Despite the allegations, most congressional Republicans opposed the bill because it would restrict the free exercise of religion, a right guaranteed by the Constitution. Rep. Glenn Thompson (R-Pa.), who attended his son’s wedding to another man in July, said “the bill lacks the appropriate constitutional protections for religious liberties enshrined in the First Amendment.” Rep. Mario Diaz-Balart (R-Fla.), who favors same-sex marriage and voted for the original version of the bill in July, accused congressional Democrats of “failing to provide legitimate safeguards for faith-based organizations.”

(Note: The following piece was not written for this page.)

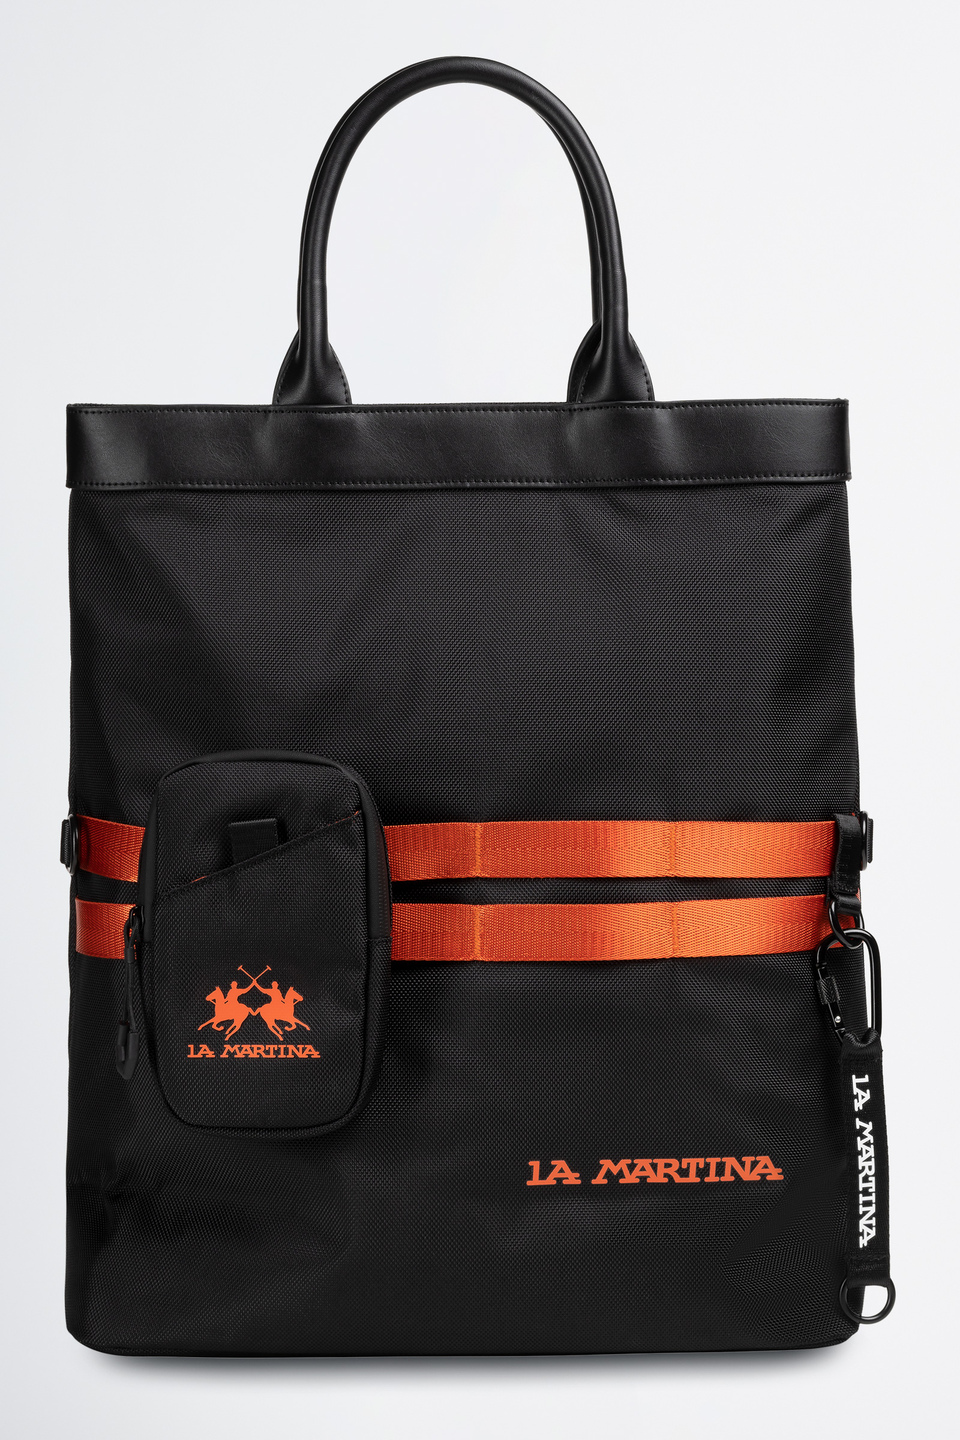 Herren Tasche aus synthetischem Gewebe | La Martina - Official Online Shop

Pelosi and others said the bill would be necessary to safeguard same-sex couples from conservative justices. Yet Justice Amy Coney Barrett diminished the likelihood of rehearing Obergefell during her 2020 confirmation hearings, saying, lower courts would likely “shut such a lawsuit down, and it wouldn’t make its way up to the Supreme Court.”
H.R. 8404 also protected interracial marriages, a right recognized by the Supreme Court in 1967’s Loving v. Virginia case. Interracial marriage faces no threat in any state, nor was the Loving case cited in the concurrence of Justice Thomas, who is married to a white woman.
It was not the first time Pelosi used religious terminology to support behavior condemned by the Bible. In May 2012, Pelosi declared, “My religion compels me” to support same-sex marriage, “and I love it for it.” Three years earlier, the future Pope Francis called same-sex marriage “a machination of the Father of Lies that seeks to confuse and deceive the children of God.”
Pelosi, who calls herself “an ardent, practicing Catholic,” has also called abortion “sacred ground.”
Ben Johnson is senior reporter and editor at The Washington Stand.